*** Opening STORED DATA ***

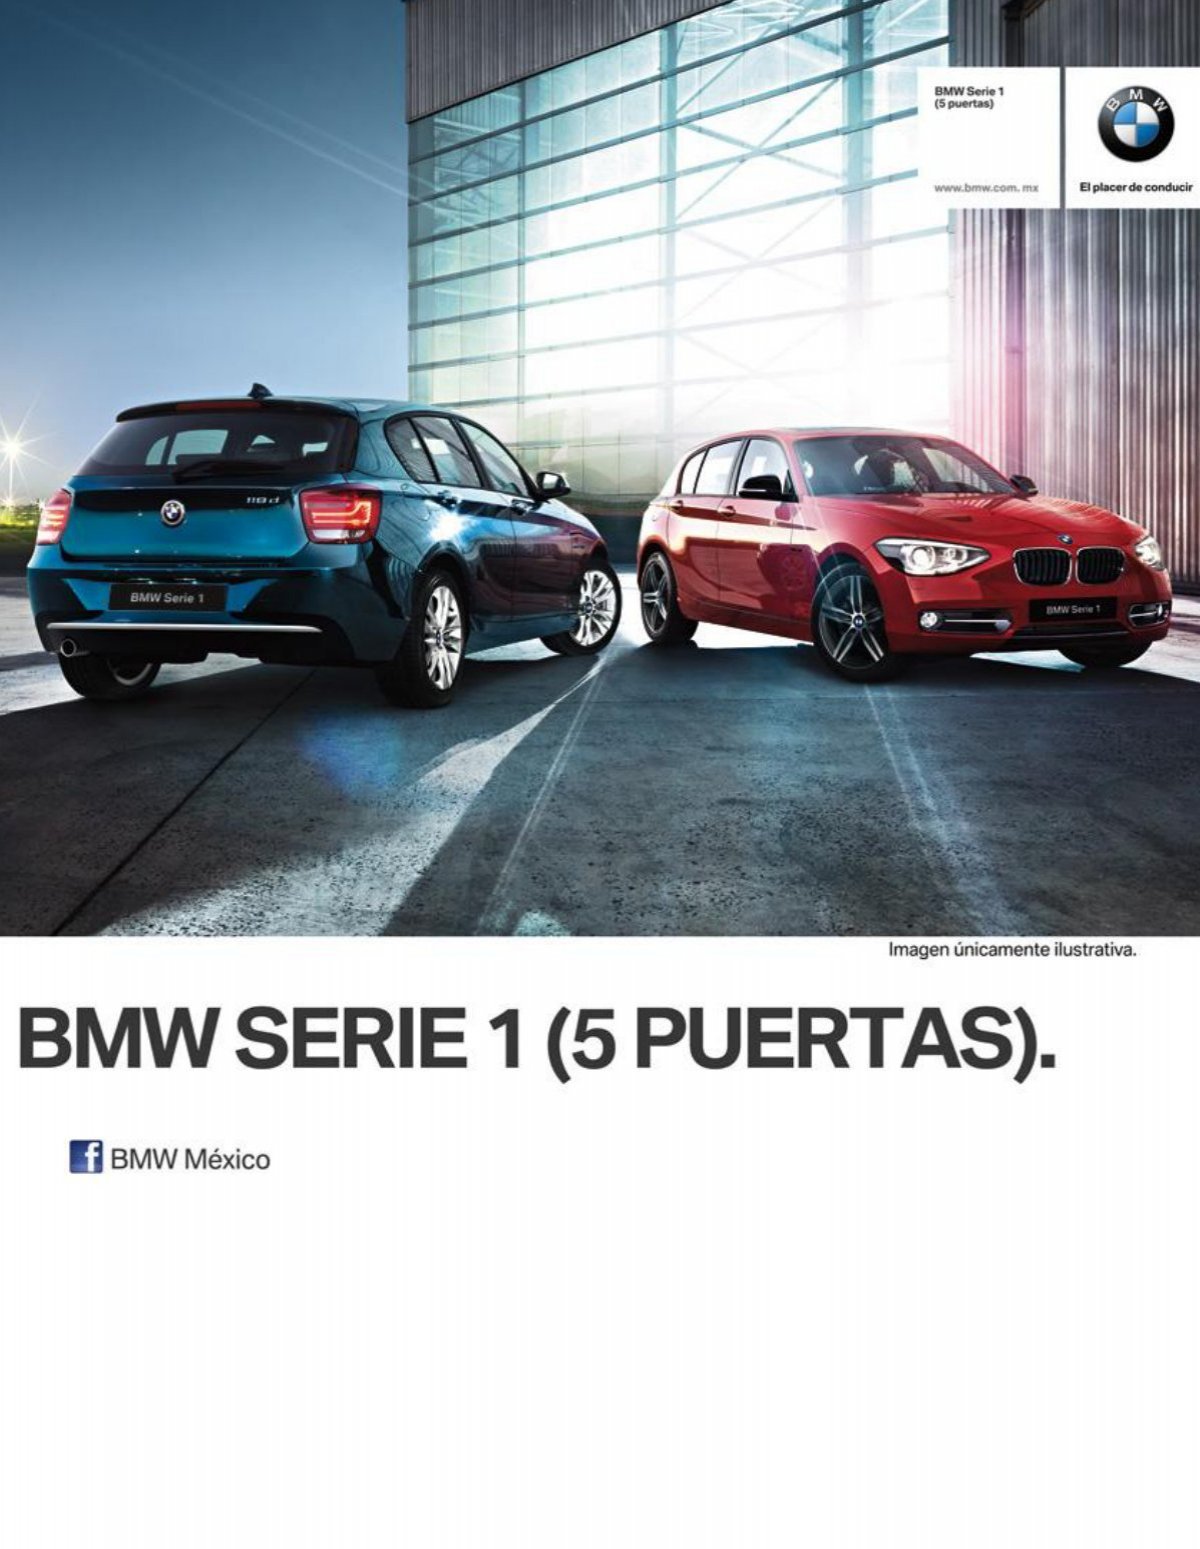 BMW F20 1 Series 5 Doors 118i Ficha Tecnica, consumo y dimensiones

*** Closing STORED DATA ***
*** Opening STORED DATA ***

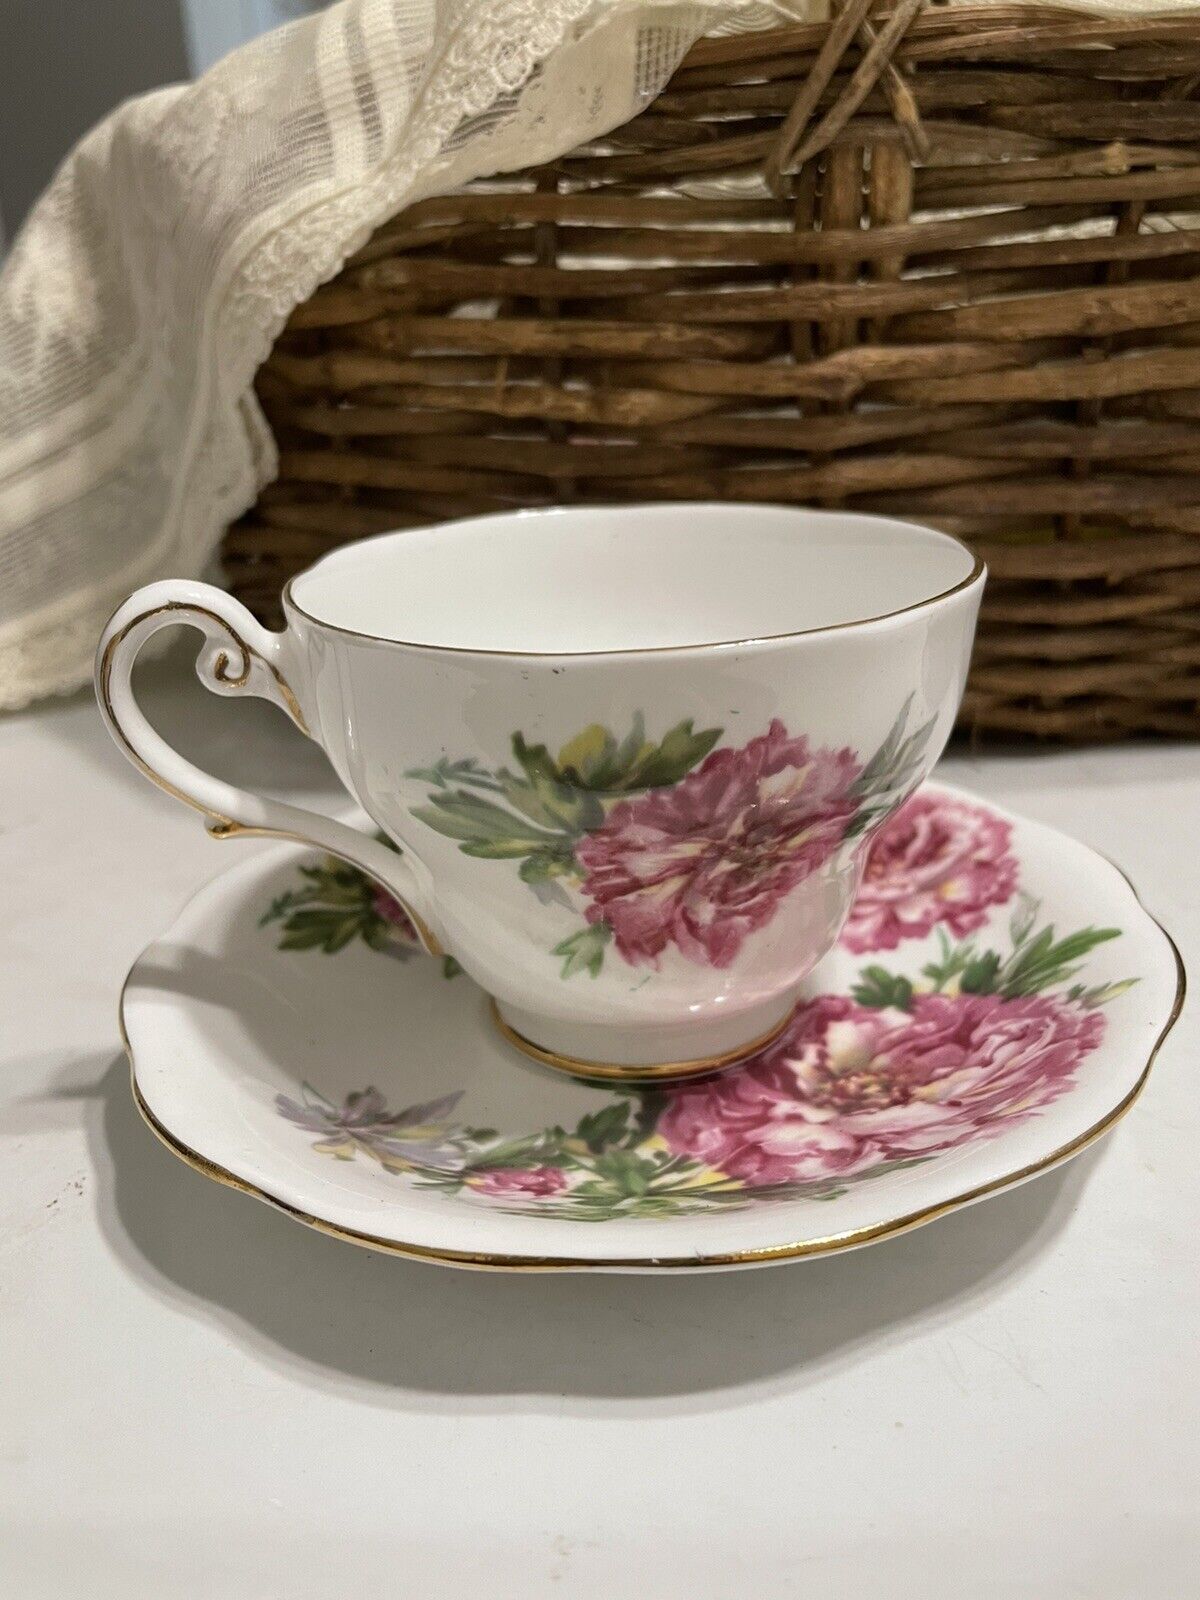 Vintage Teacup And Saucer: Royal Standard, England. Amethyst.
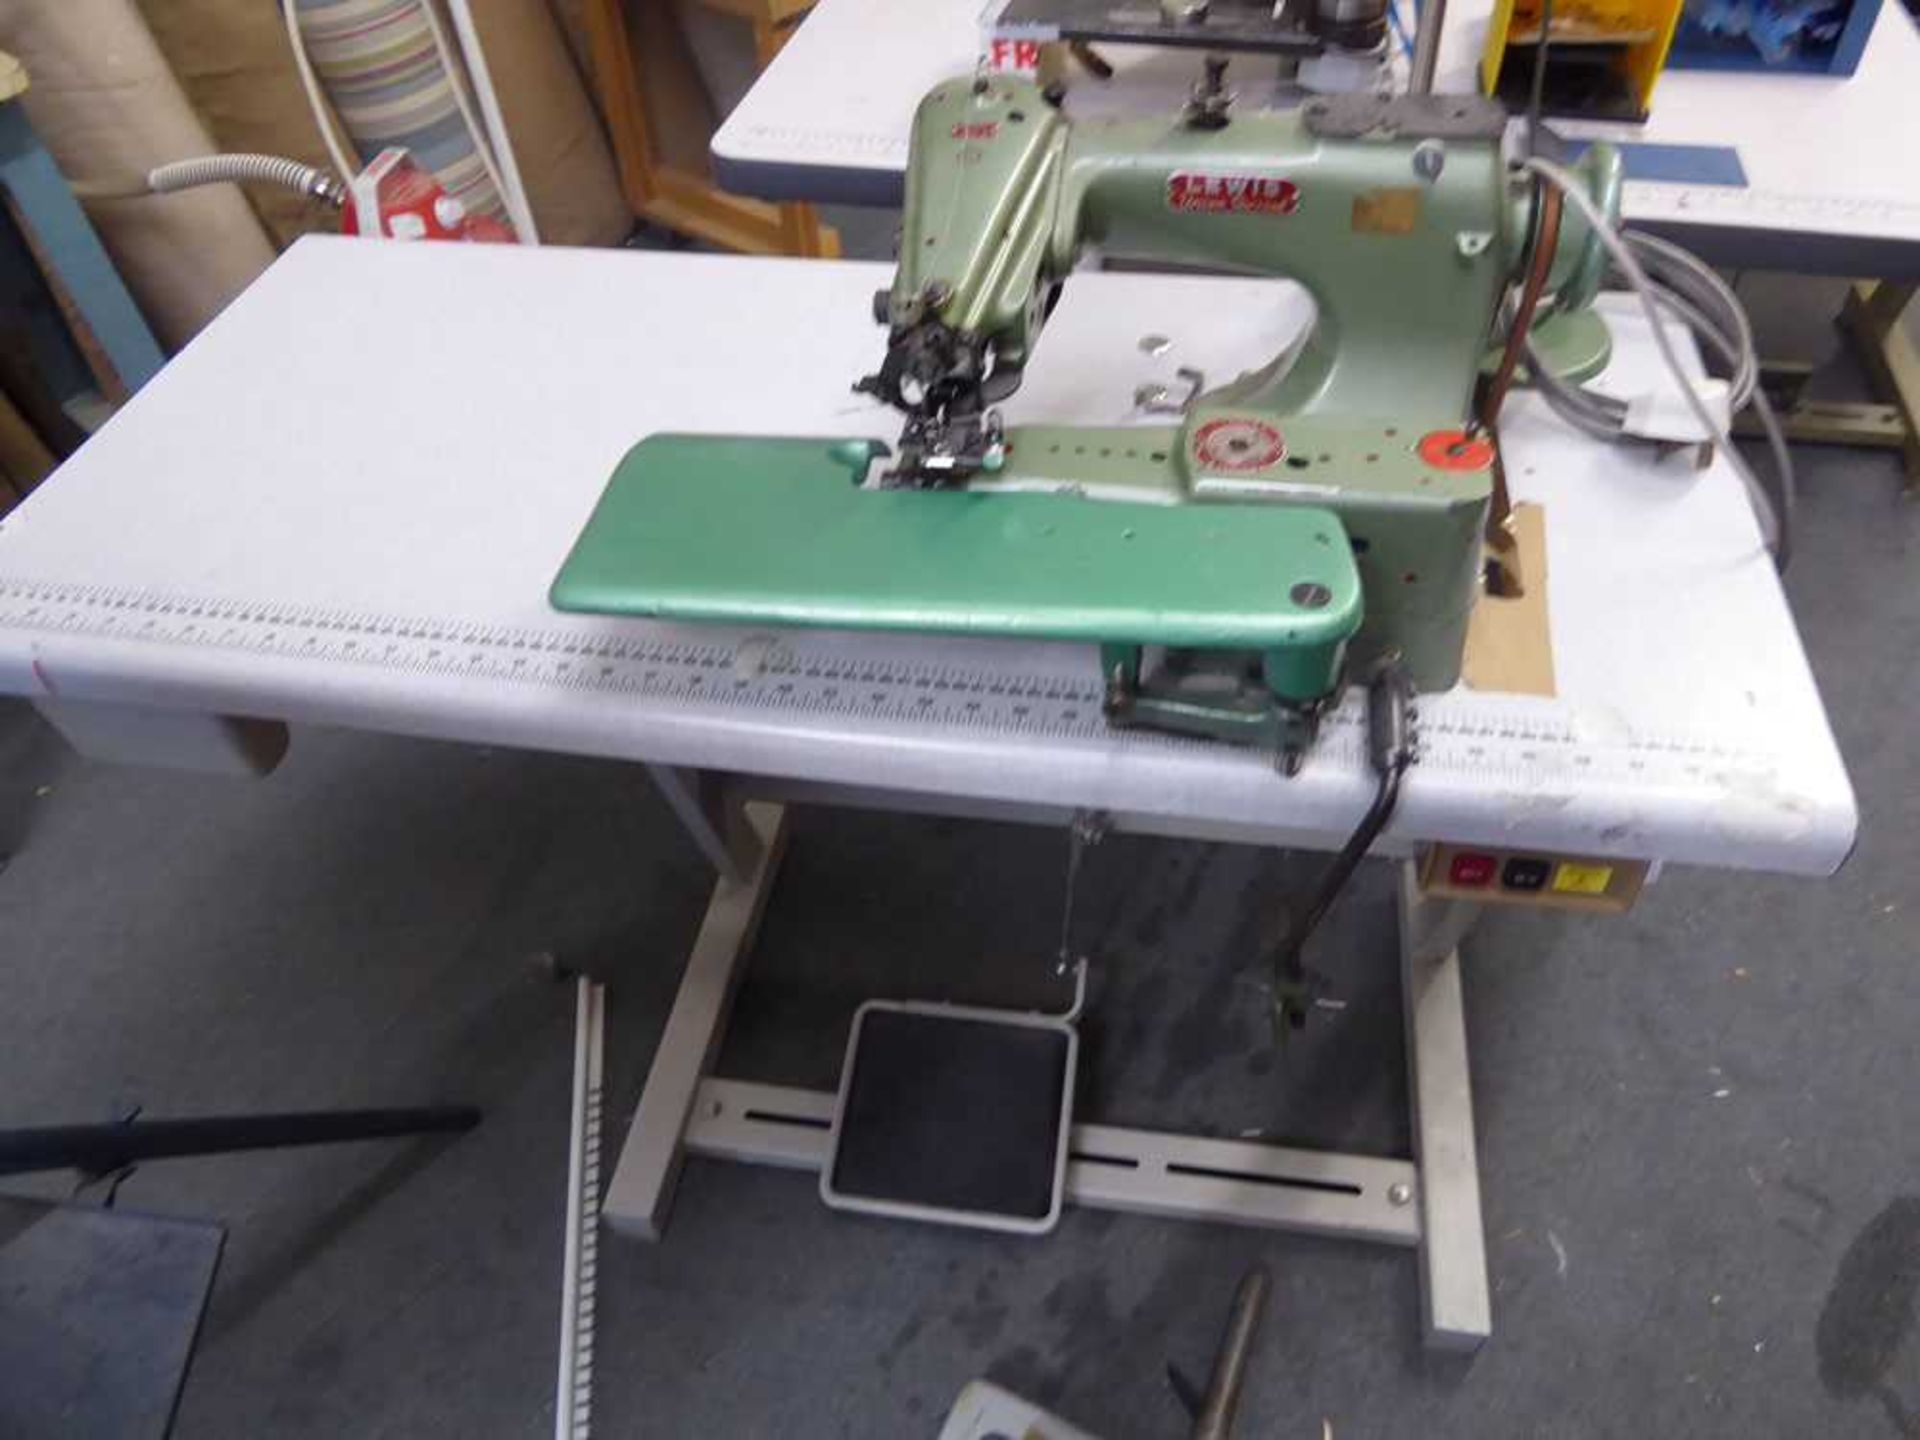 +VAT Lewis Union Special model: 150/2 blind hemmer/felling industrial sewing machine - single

*** Closing STORED DATA ***
*** Opening STORED DATA ***

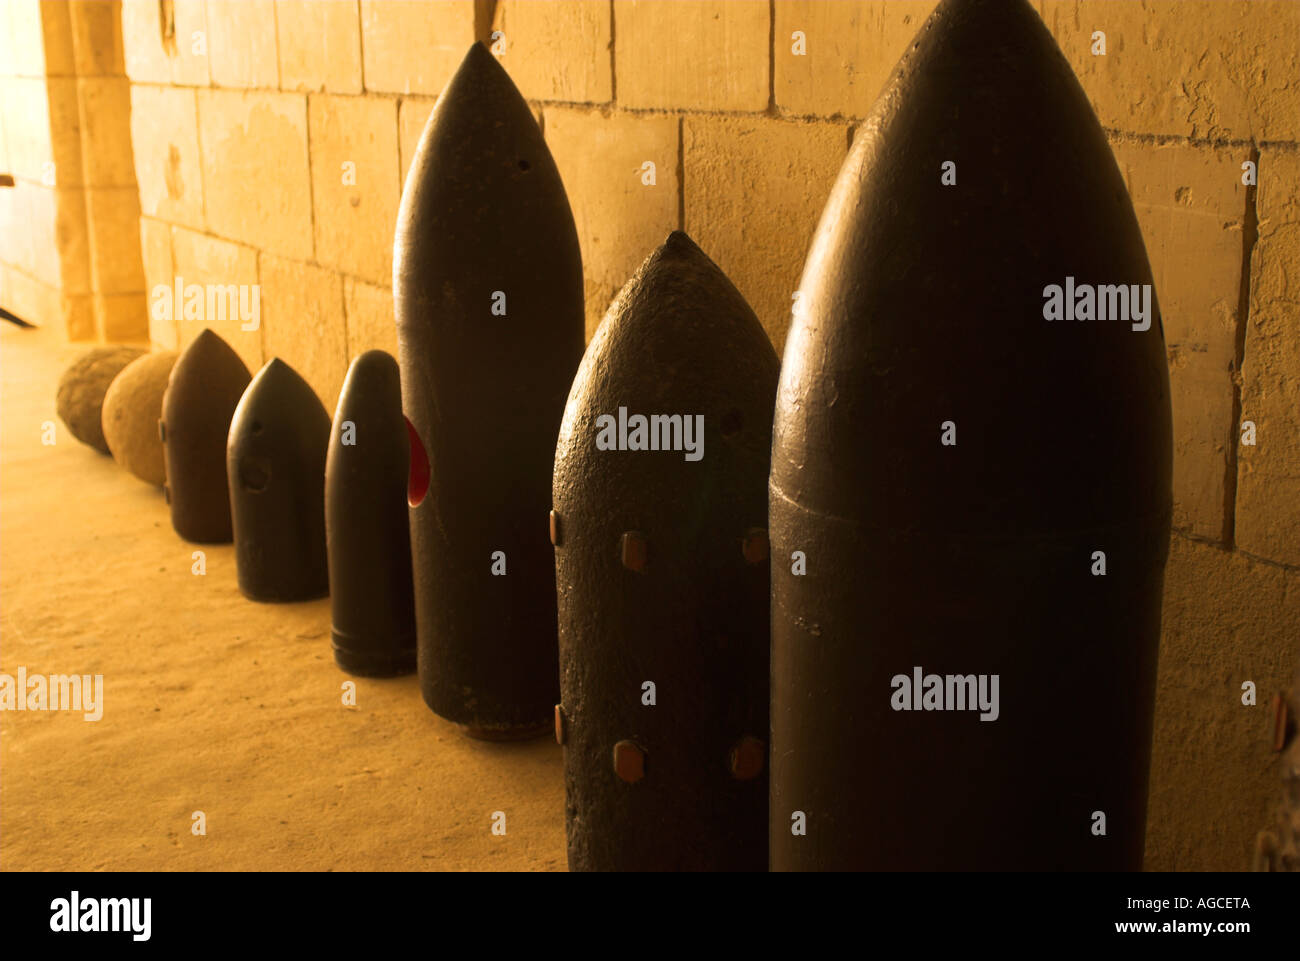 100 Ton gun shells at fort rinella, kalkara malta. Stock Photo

*** Closing STORED DATA ***

TASK ITEM:
Reproduce the lines above beginning at the line that contains "Vintage Teacup And" and ending at the line that contains "machine - single". No pictures.

SOLUTION FOR THIS TASK:
 Vintage Teacup And Saucer: Royal Standard, England. Amethyst.
 +VAT Lewis Union Special model: 150/2 blind hemmer/felling industrial sewing machine - single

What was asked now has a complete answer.